Weder Frau noch Mann haben aber den steuerlichen Freibetrag - den braucht es nicht mehr, denn der wird gerade durch das BGE ersetzt! Nur standen die Freibeträge faktisch zuvor beim Einkommen des Mannes - jetzt wird das Einkommen des Mannes ab dem ersten Euro versteuert.
Und in der Rente? Die Rente spielt in einem BGE-System eine ganz andere Rolle! Es geht in der Rente eben nicht mehr um die Existenzgrundsicherung, sondern darum, was man durch eigene Arbeit und eigene Einzahlungen über die Existenzgrundsicherung hinaus noch an finanziellen Möglichkeiten erarbeitet hat. Auch da gibt es bei einer Scheidung eine Verrechnung - nur liegt die auf einem ganz anderen Niveau, weil man ja gar nicht mehr über die Existenzgrundsicherung reden muss.
Was man bemerken kann: Ein BGE-System bietet ganz sicher keine faire Lösung für die typische und biologisch begründete Tätigkeit von Frauen, Kinder zu bekommen und sich auch noch immer zumeist mit größerem Zeitanteil um diese Kinder in den ersten Jahren zu kümmern. ABER: Die Thematik der Existenzgrundsicherung ist zumindest mal deutlich fairer organisiert! Frauen ist die Existenz gesichert - und sie sind in dieser Zeit eben nicht vom Partner abhängig!

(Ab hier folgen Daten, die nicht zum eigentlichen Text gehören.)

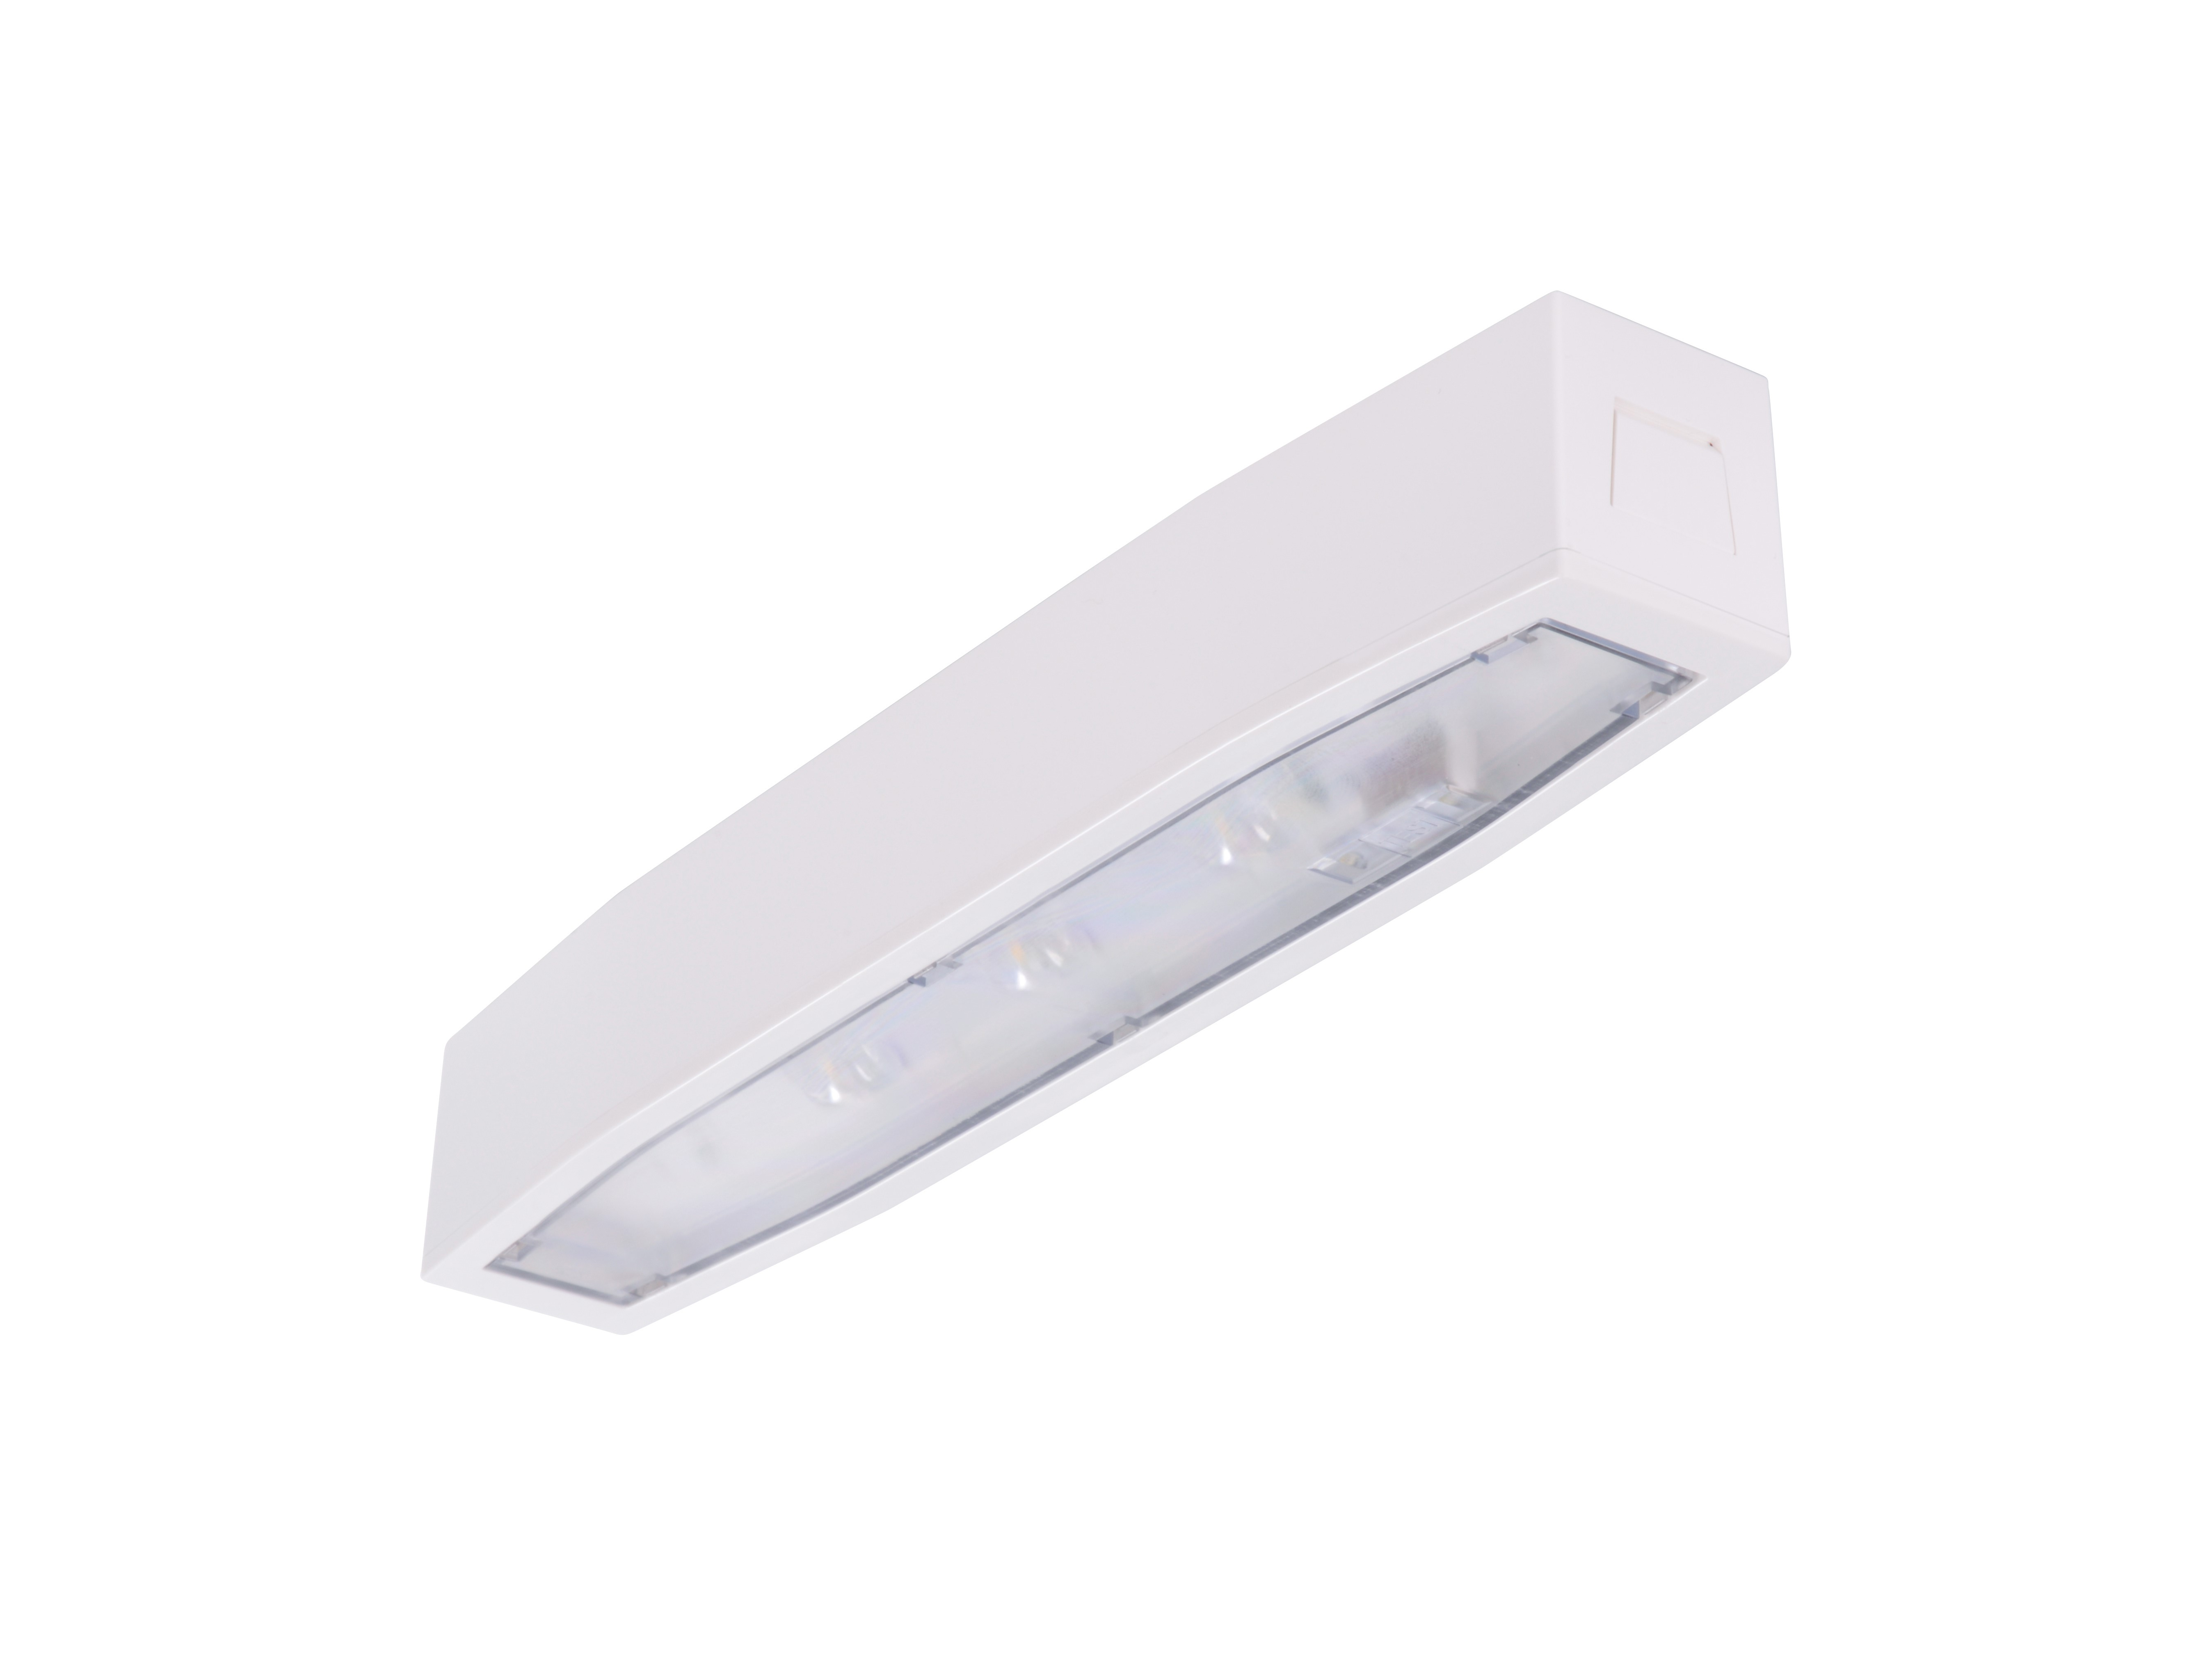 Lampa antipanica led Intelight 94752   3h mentinut test automat 5
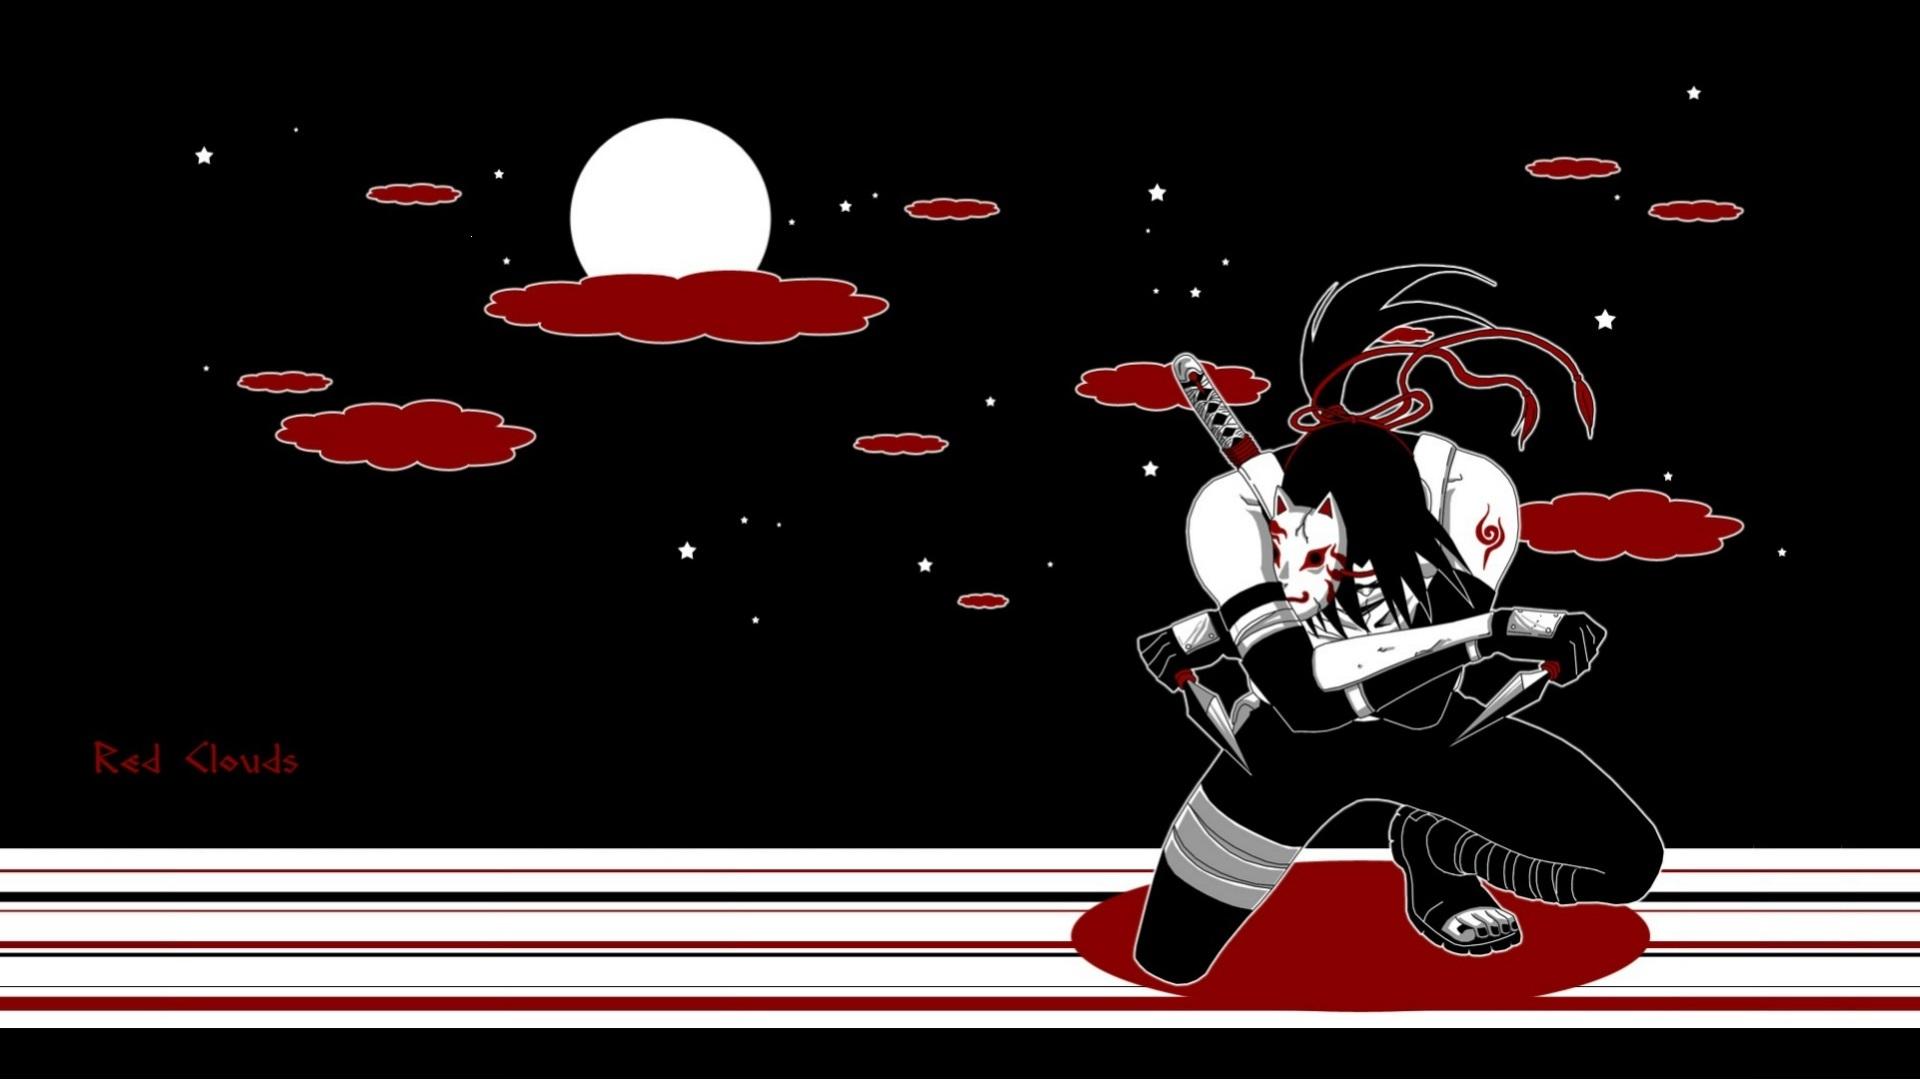 Download Wallpaper Night Loneliness The Full Moon Naruto Bandages Mercenary Itachi Uchiha Naruto Shippuden Demon Mask Kunai Anbu Bloody Clouds Section Shonen In Resolution 1920x1080

AUch hier: Das BGE-System ist nicht der Weisheit letzter Schluss - bietet aber deutlich bessere Grundbedingungen für Problemstellungen an, bei denen unser heutiges System aufgrund des systematischen Fehlers des Bedürftigkeitsprinzips kläglich scheitert.
Man sollte sich keiner Illusion hingeben - unser nettes Pärchen hätte auch in einem BGE-System wahrscheinlich kaum mehr finanzielle Mittel zum verkonsumieren, als sie es heute haben! ABER: Weil Frauen und Männer die Existenzgrundsicherung in einem BGE-System gleichermaßen bekommen, ändert sich dennoch sehr viel, weil Frauen dann auch über ein eigenes Einkommen verfügen, wenn es nur einen Einkommensbezieher in der Familie gibt.
Gegenüber solchen Ansätzen wirkt unser heutiges System altbacken und sogar regelrecht archaisch.